The happiest I ever saw her was when she came to the beach with us, and oh, she had style. Every part of her outfit had to match. Purple hat, purple shirt, purple shoes, purple earrings, purple nail polish. Or green or yellow or blue. My mom has a little painting hanging in our hall that she found at an estate sale and snatched up a few months after Miss Jean died that shows a black woman wearing a beautiful yellow hat and matching dress looking out onto the ocean. I like to think that's Miss Jean in heaven.
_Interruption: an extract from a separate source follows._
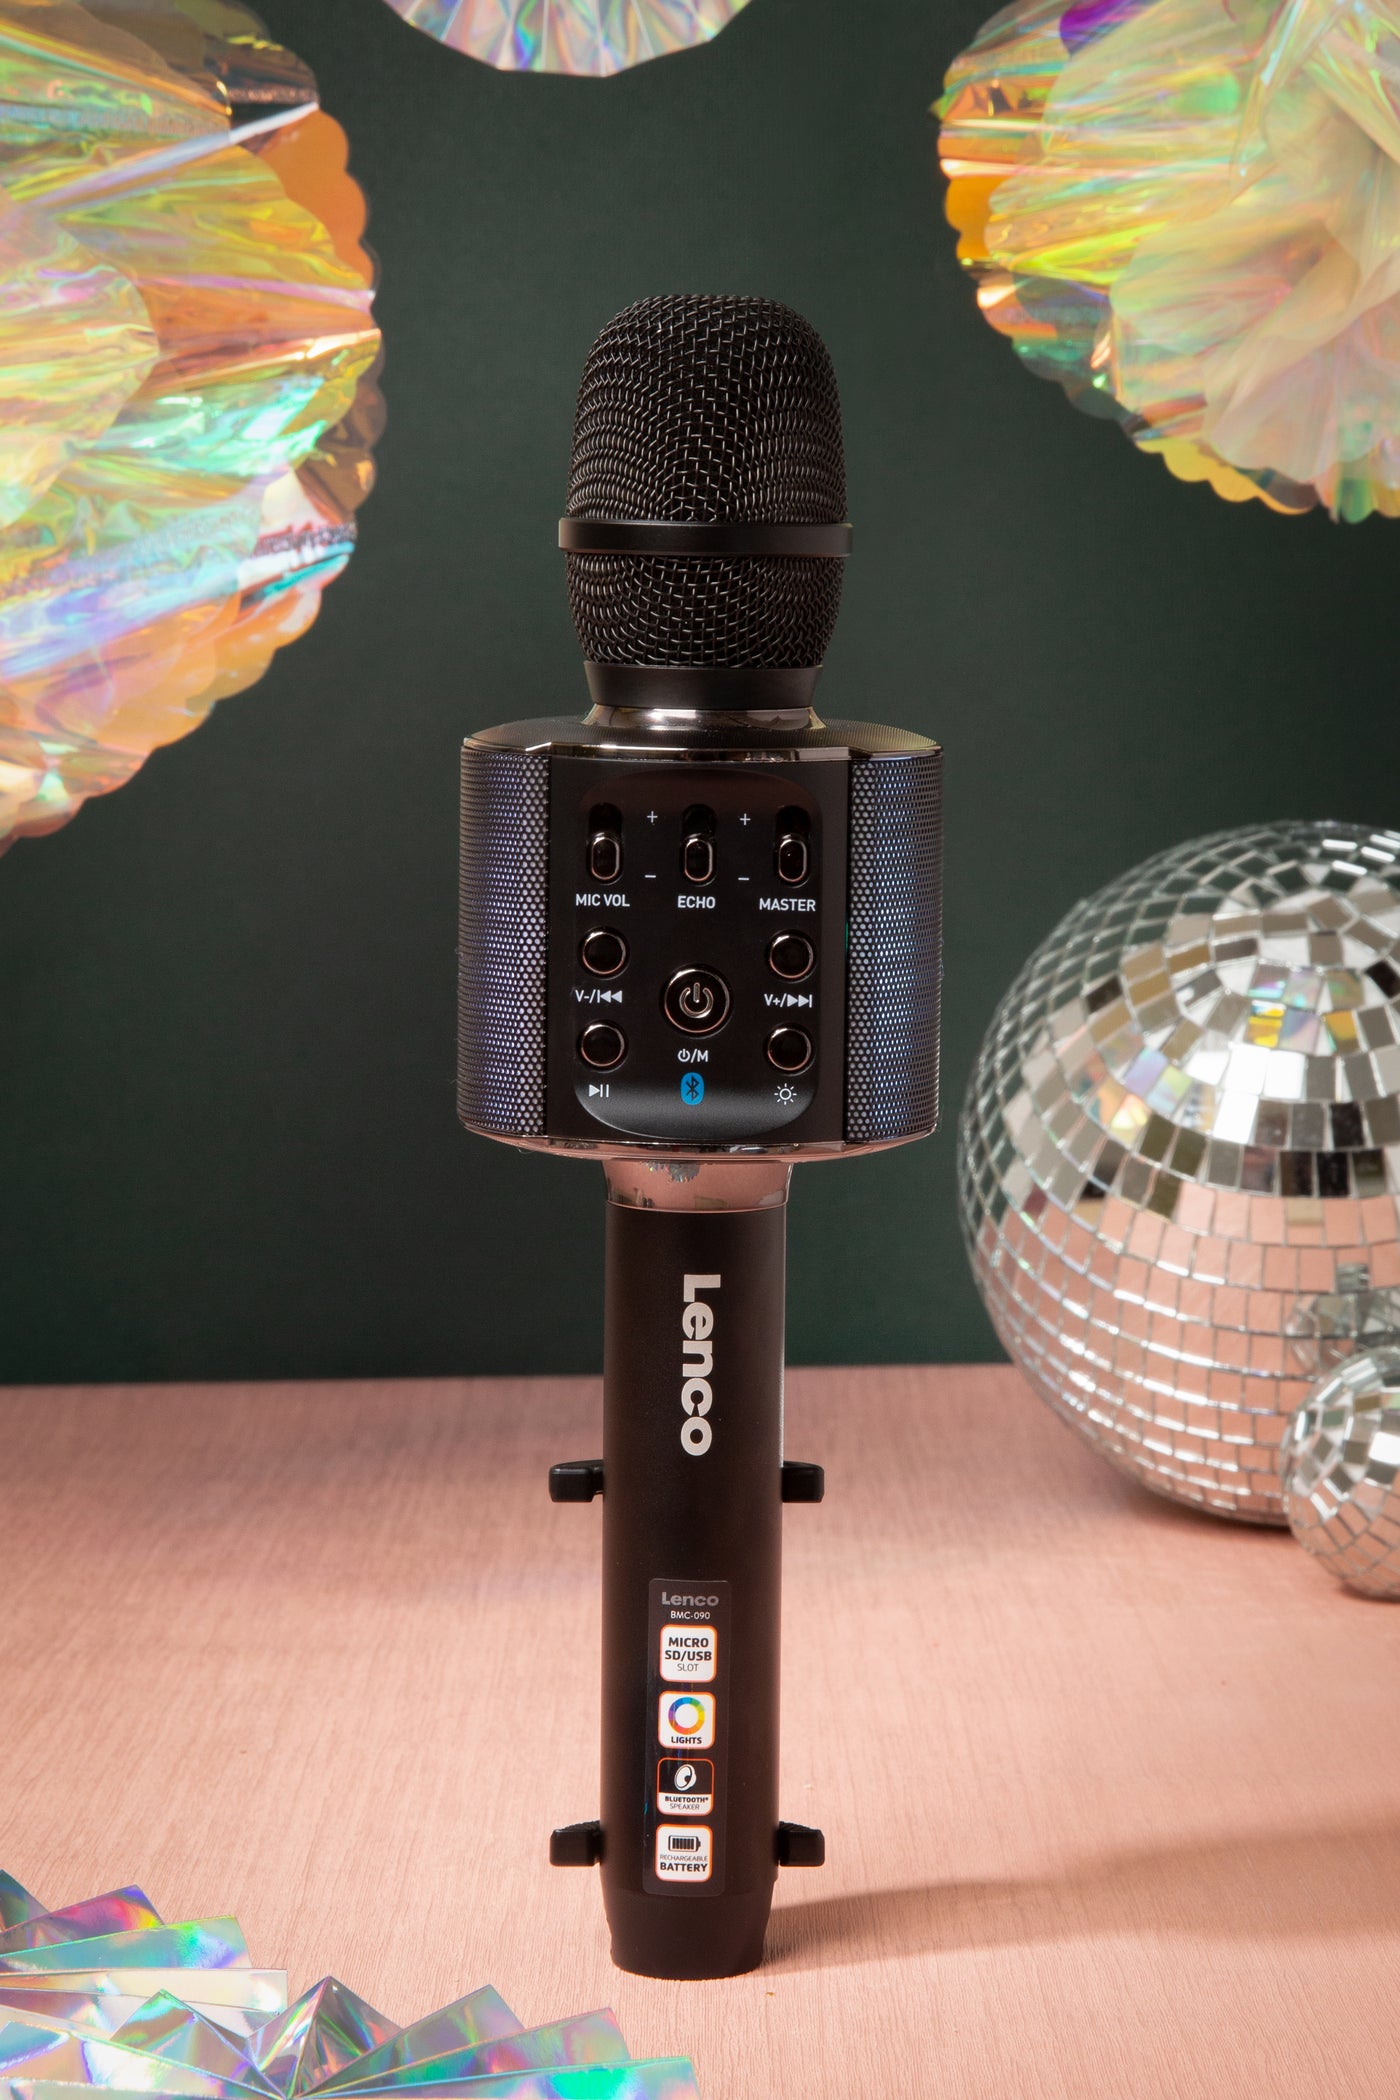 LENCO BMC-090BK - Bluetooth® Karaoke microphone with speaker & lighting - Black
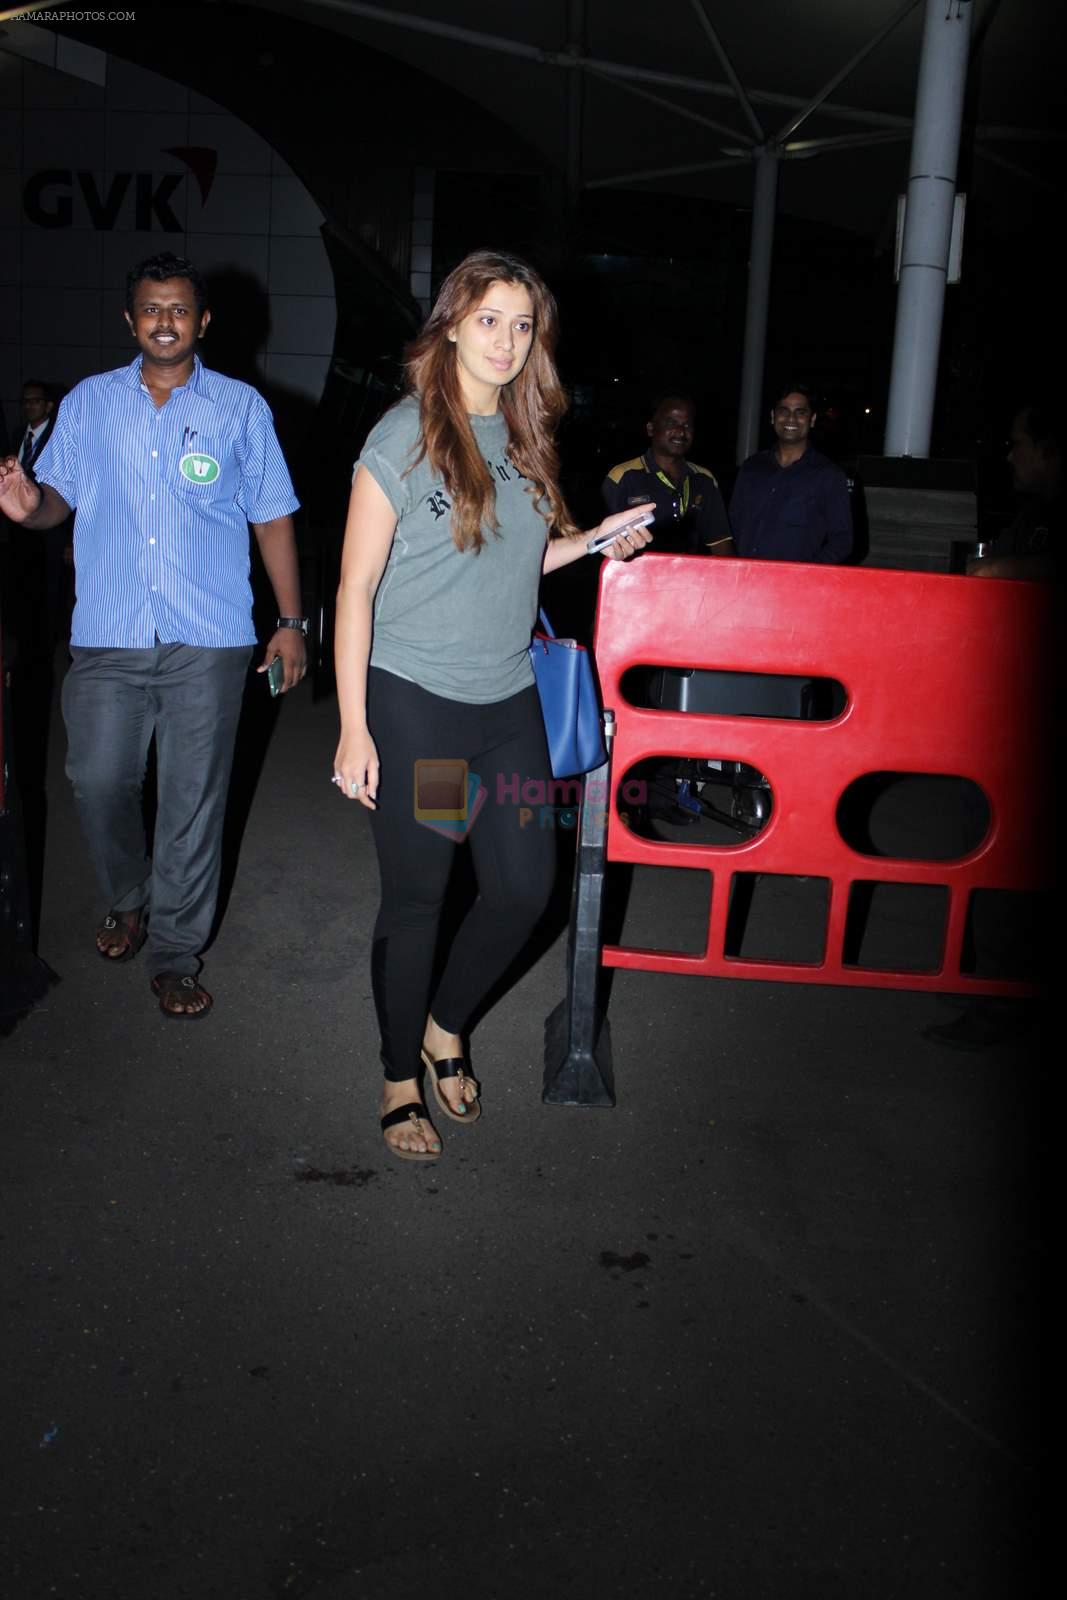 Laxmi Rai snapped at domestic airport in Mumbai on 2nd July 2015

She was the 8th member of our family.

lizzerd said...

i can't believe you forgot Hazel!!! she was one of the most polite & poised people i have ever known in my life. i remember her taking us to church with her once when mom & dad were in CA on business. after church, we went to greensboro to shop at four seasons. that was a very special time!

:o) mg said...

I barely remember her.. she must have mostly come when you were still at home and I was at school. OK her face is coming into my mind... sweet sweet smile. I remember her voice. Wow. Those brain cells are snappin'.